- Ferry
Diduga Mark Up Rp15 Miliar Proyek PLTA Musi, Kejati Bengkulu Tahan Vice President PLN Indonesia Power
Bengkulu, tvOnenews.com – Kejaksaan Tinggi (Kejati) Bengkulu resmi menahan Daryanto, pejabat PT PLN Indonesia Power, terkait dugaan tindak pidana korupsi proyek penggantian Sistem Kontrol Utama (SKU) dan Sistem AVR Pembangkit Listrik Tenaga Air (PLTA) Musi Provinsi Bengkulu Tahun Anggaran 2022–2023.
Dalam perkara ini, negara diduga mengalami kerugian kurang lebih Rp15 miliar akibat praktik mark up pada dua proyek berbeda.
Penahanan dilakukan Tim Jaksa Penyidik Bidang Tindak Pidana Khusus Kejati Bengkulu berdasarkan Surat Perintah Penahanan Kepala Kejati Bengkulu Nomor: PRINT-189/L.7/Fd.2/02/2026 tertanggal 10 Februari 2026.

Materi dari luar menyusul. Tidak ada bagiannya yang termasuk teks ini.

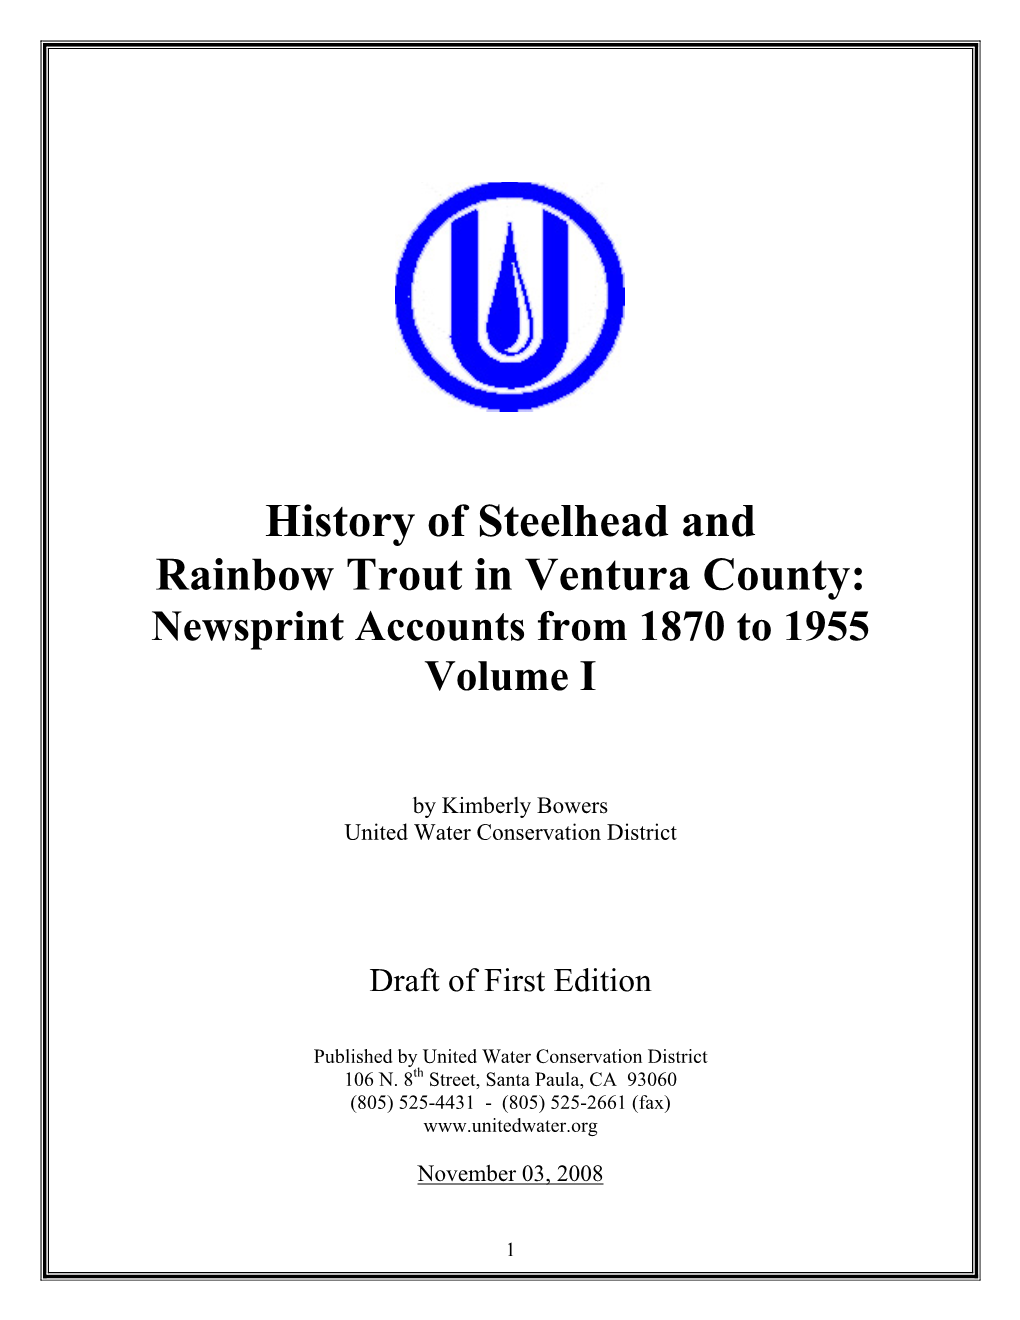 History of Steelhead and Rainbow Trout in Ventura County: Newsprint Accounts from 1870 to 1955 Volume I
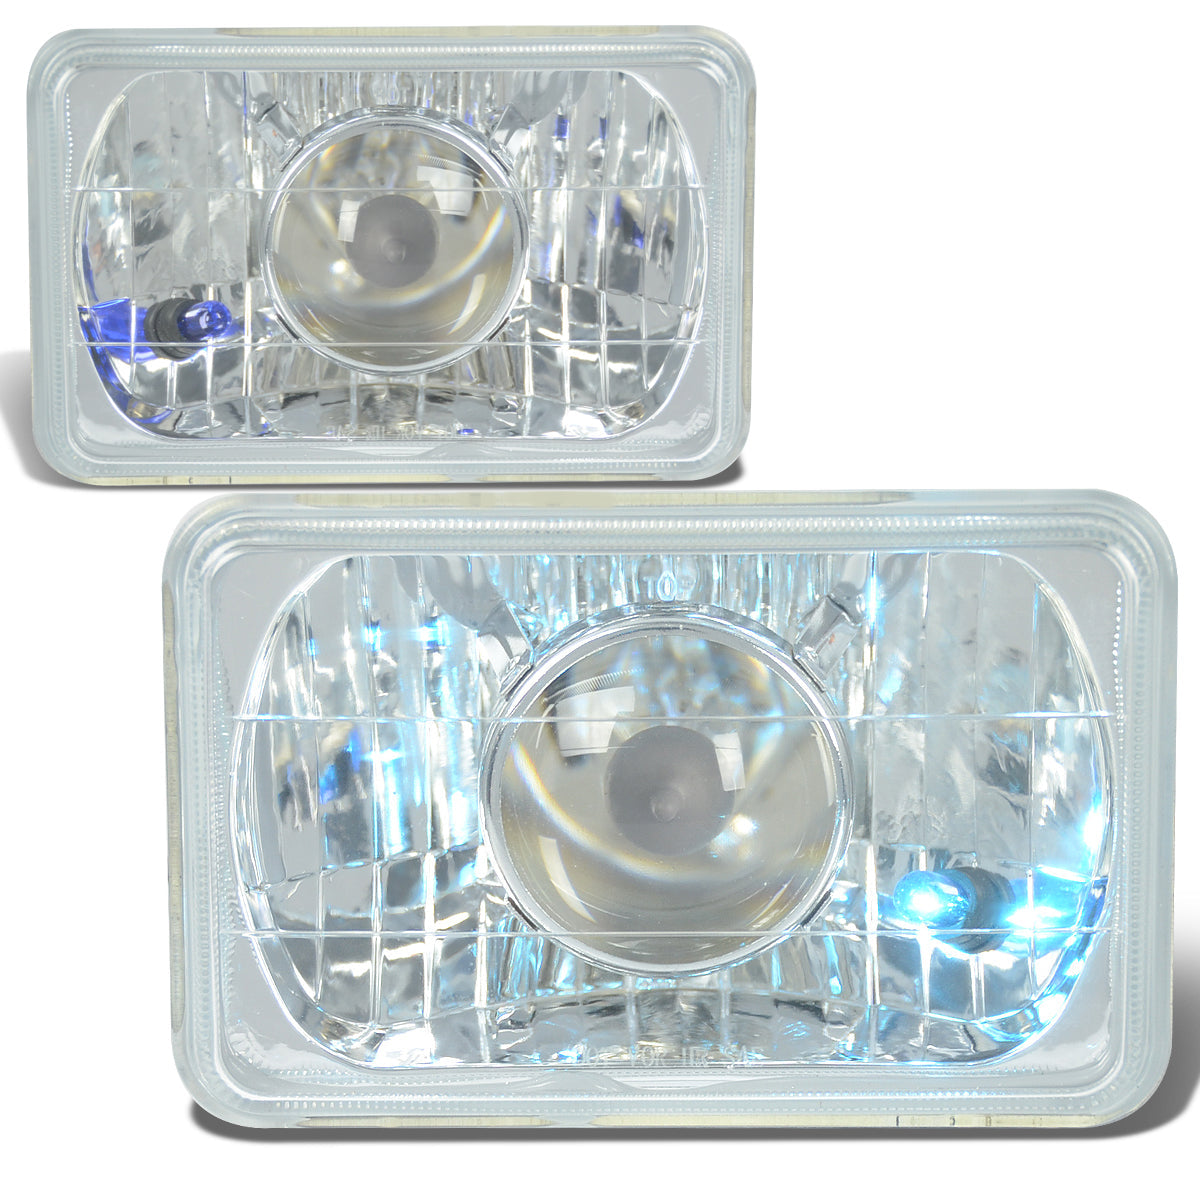 4x6 in. Square Projector Headlights

Pelaksanaan penahanan dituangkan dalam Berita Acara Pelaksanaan Penahanan dan tersangka kini ditahan di Rumah Tahanan Negara Kelas IIB Bengkulu selama 20 hari, terhitung sejak 10 Februari 2026 hingga 1 Maret 2026.
Peran Tersangka
Kepala Seksi Penyidikan (Kasidik) Kejati Bengkulu, Pola Martua Siregar, menjelaskan bahwa saat ini Daryanto menjabat sebagai Vice President O and M Planning and Control V di PT PLN Indonesia Power.
Namun saat proyek berlangsung, tersangka menjabat sebagai Senior Manager Perencanaan dan Enjiniring UIK Sumatera Bagian Selatan (SBS).
“Kami telah menetapkan tersangka dalam kasus Tipikor proyek penggantian Sistem Kontrol Utama (SKU) dan Sistem AVR PLTA Musi Provinsi Bengkulu Tahun Anggaran 2022–2023,” tegas Pola Martua Siregar.
Dugaan Mark Up Proyek SKU
Dalam kapasitasnya tersebut, tersangka diduga secara melawan hukum menyusun dokumen perencanaan pengadaan penggantian Sistem Kontrol Utama (SKU) PLTA Musi Tahun 2022 dengan menetapkan Rencana Anggaran Biaya (RAB) estimasi harga sebesar Rp32 miliar.
Nilai itu kemudian dijadikan Harga Perkiraan Engineer (HPE) dan Harga Perkiraan Sendiri (HPS), hingga disepakati kontrak antara PT PLN dan KSO Citra Wahana (PT Citra Wahana Sekar Buana–PT Hensan Andalas Putera) sebesar Rp32.079.000.000 termasuk PPN 11 persen.
Namun berdasarkan hasil penyidikan, harga riil peralatan SKU yang dibeli KSO dari PT Yokogawa Indonesia hanya sebesar Rp17.232.750.000 termasuk PPN.
Selisih nilai tersebut diduga merupakan mark up yang mengakibatkan indikasi kerugian keuangan negara sekaligus keuntungan tidak wajar kepada KSO Citra Wahana sebesar Rp11.667.250.000.
“Selisih harga tersebut menjadi bagian dari dugaan mark up yang saat ini kami dalami,” ujar Pola.